Biomedical Pioneering Innovation Center, School of Life Sciences, Peking University, Beijing 100871, China.
Beijing Advanced Innovation Center for Genomics (ICG), Ministry of Education Key Laboratory of Cell Proliferation and Differentiation, Beijing 100871, China.
Nucleic Acids Res. 2023 Aug 25;51(15):8020-8034. doi: 10.1093/nar/gkad532.
Although localized haploid phasing can be achieved using long read genome sequencing without parental data, reliable chromosome-scale phasing remains a great challenge. Given that sperm is a natural haploid cell, single-sperm genome sequencing can provide a chromosome-wide phase signal. Due to the limitation of read length, current short-read-based single-sperm genome sequencing methods can only achieve SNP haplotyping and come with difficulties in detecting and haplotyping structural variations (SVs) in complex genomic regions. To overcome these limitations, we developed a long-read-based single-sperm genome sequencing method and a corresponding data analysis pipeline that can accurately identify crossover events and chromosomal level aneuploidies in single sperm and efficiently detect SVs within individual sperm cells. Importantly, without parental genome information, our method can accurately conduct de novo phasing of heterozygous SVs as well as SNPs from male individuals at the whole chromosome scale. The accuracy for phasing of SVs was as high as 98.59% using 100 single sperm cells, and the accuracy for phasing of SNPs was as high as 99.95%. Additionally, our method reliably enabled deduction of the repeat expansions of haplotype-resolved STRs/VNTRs in single sperm cells. Our method provides a new opportunity for studying haplotype-related genetics in mammals.

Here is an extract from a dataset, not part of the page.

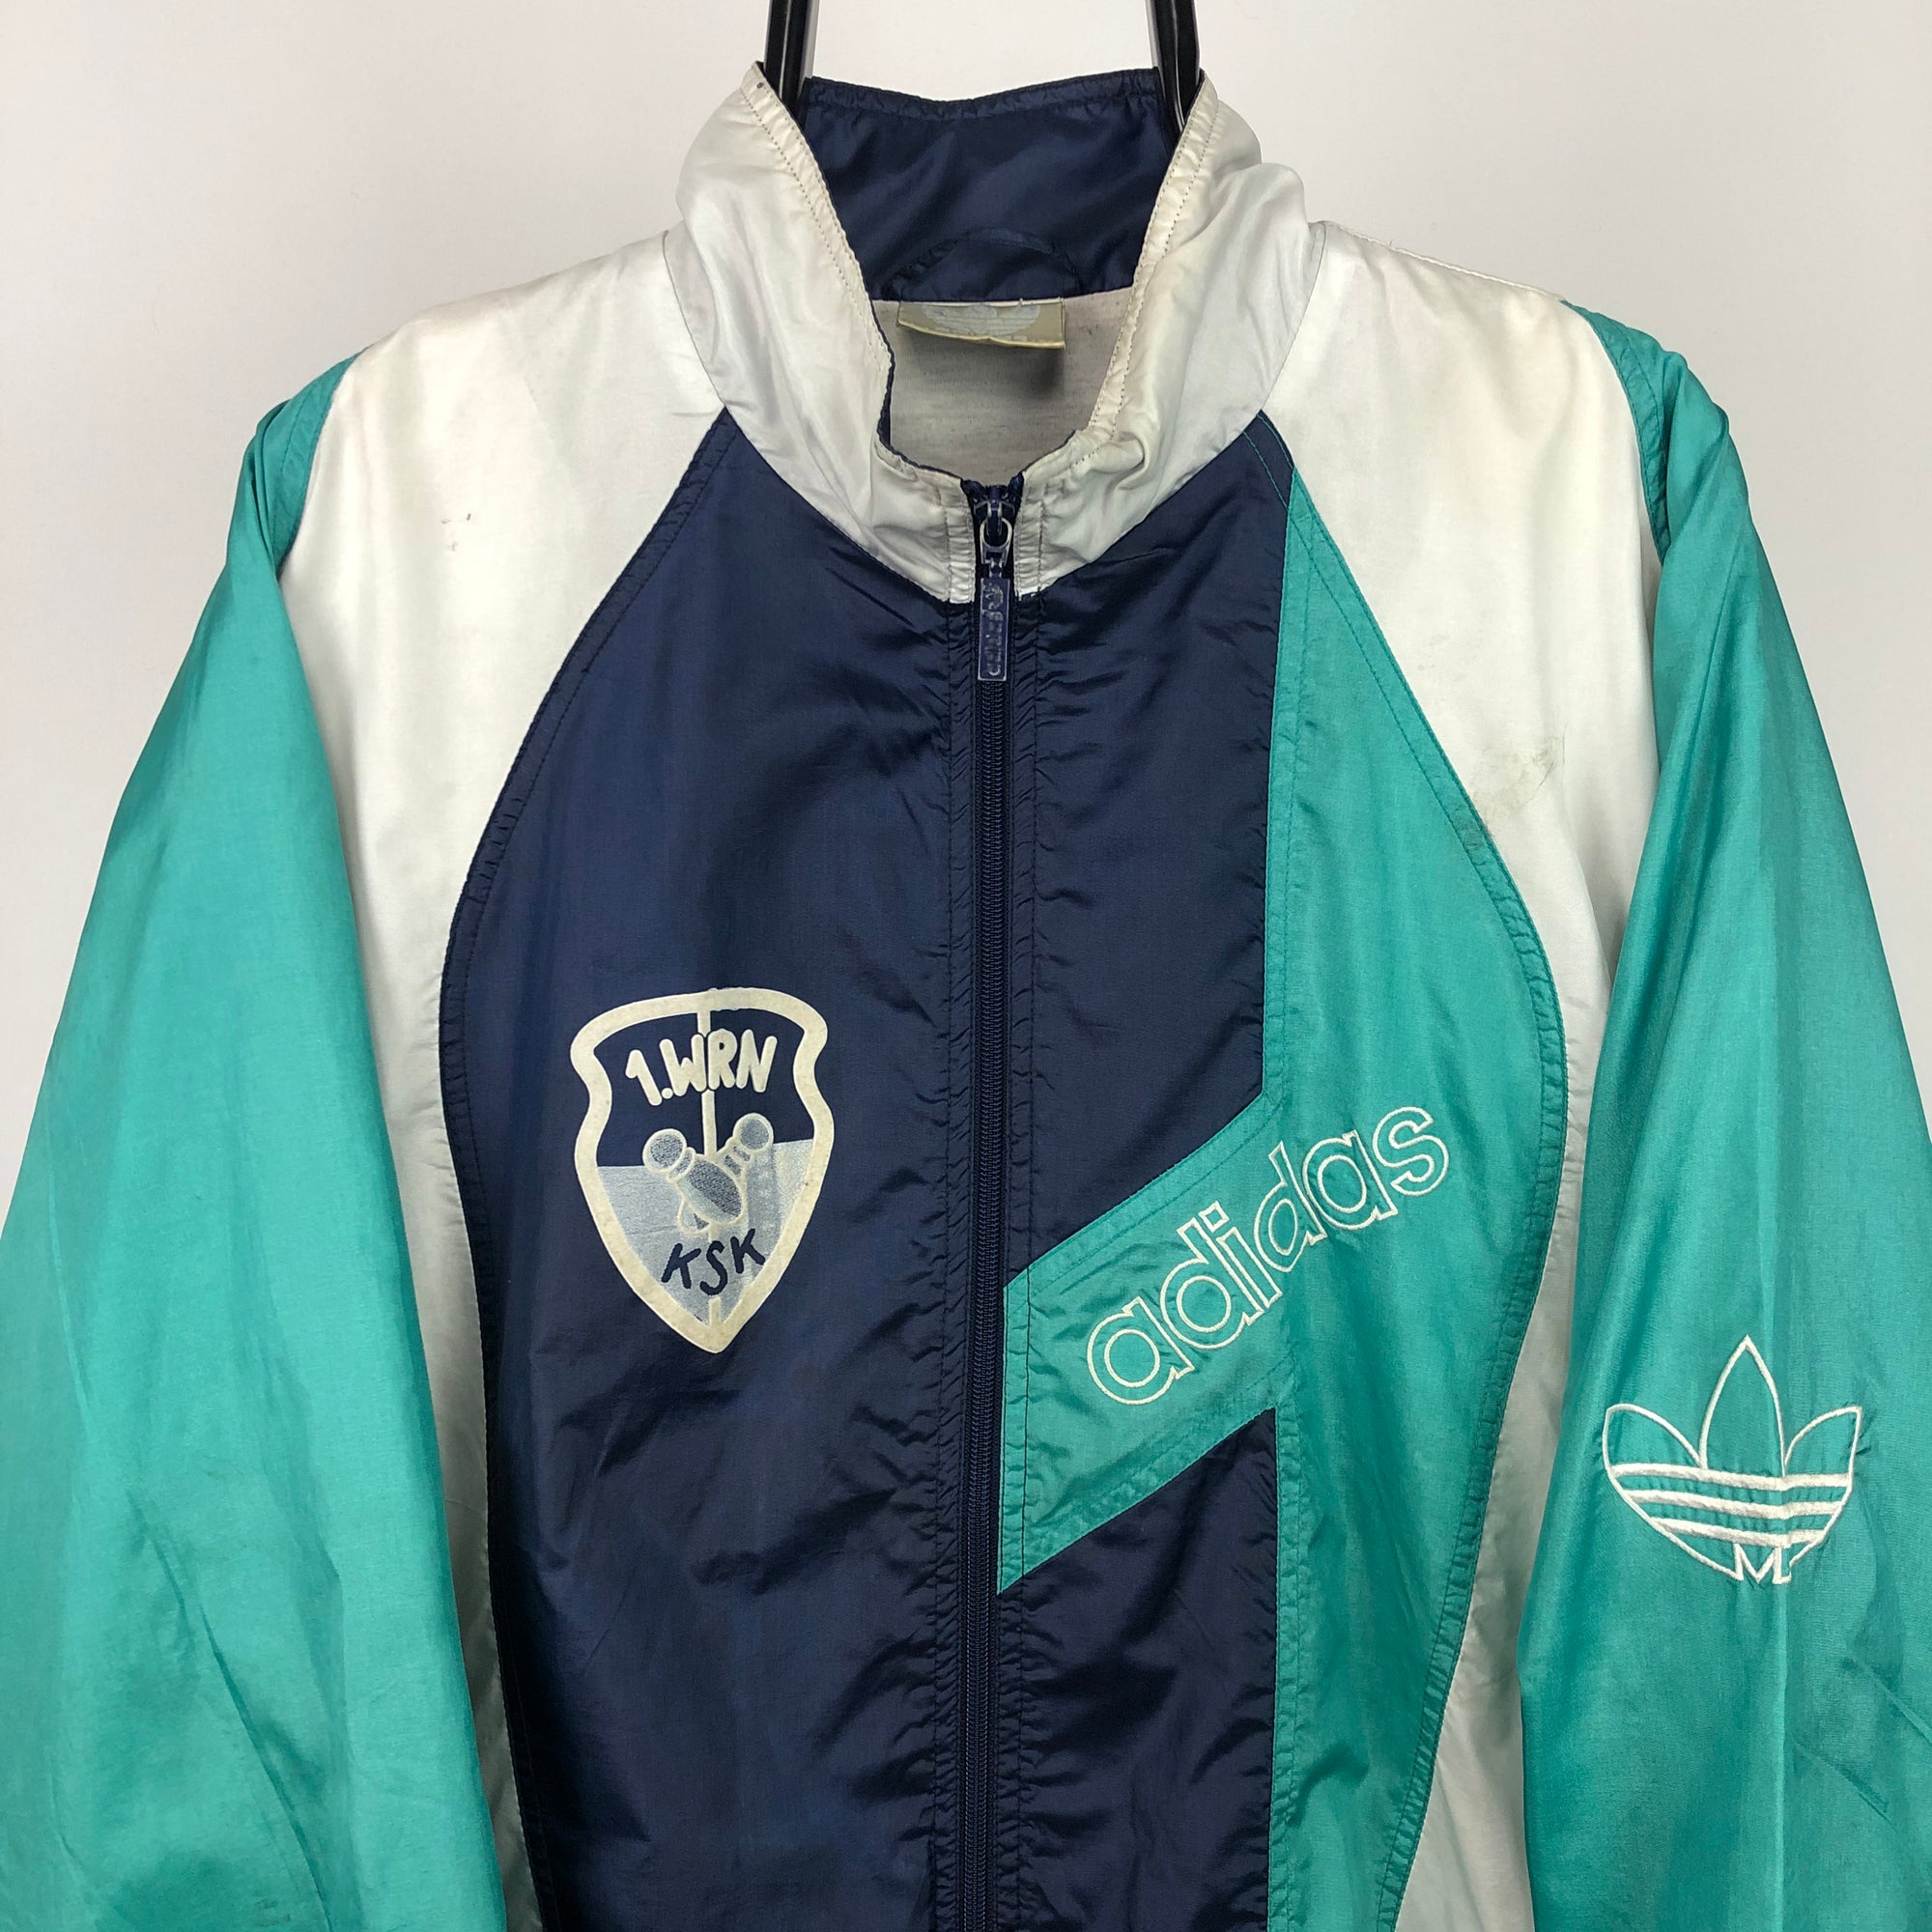 Vintage 90s Adidas Track Jacket in Mint Green/Navy/White - Men's Large/Women's XL

虽然利用长读长基因组测序在没有亲本数据的情况下可以实现局部单倍型相位,但可靠的染色体级相位仍然是一个巨大的挑战。鉴于精子是一种天然的单倍体细胞,单个精子的基因组测序可以提供染色体范围的相位信号。由于读长的限制,目前基于短读长的单个精子基因组测序方法只能实现 SNP 单倍型分析,并且在检测和单倍型分析复杂基因组区域中的结构变异(SV)方面存在困难。为了克服这些限制,我们开发了一种基于长读长的单个精子基因组测序方法和相应的数据分析管道,该方法可以准确识别单个精子中的交叉事件和染色体水平的非整倍性,并有效地检测单个精子中的 SV。重要的是,在没有亲本基因组信息的情况下,我们的方法可以准确地从头开始对杂合 SV 和来自男性个体的 SNP 进行全染色体级别的单倍型相位分析。使用 100 个单个精子,SV 相位分析的准确性高达 98.59%,SNP 相位分析的准确性高达 99.95%。此外,我们的方法还可靠地推断出单个精子中单体型解析 STR/VNTR 的重复扩展。我们的方法为研究哺乳动物中的单倍型相关遗传学提供了新的机会。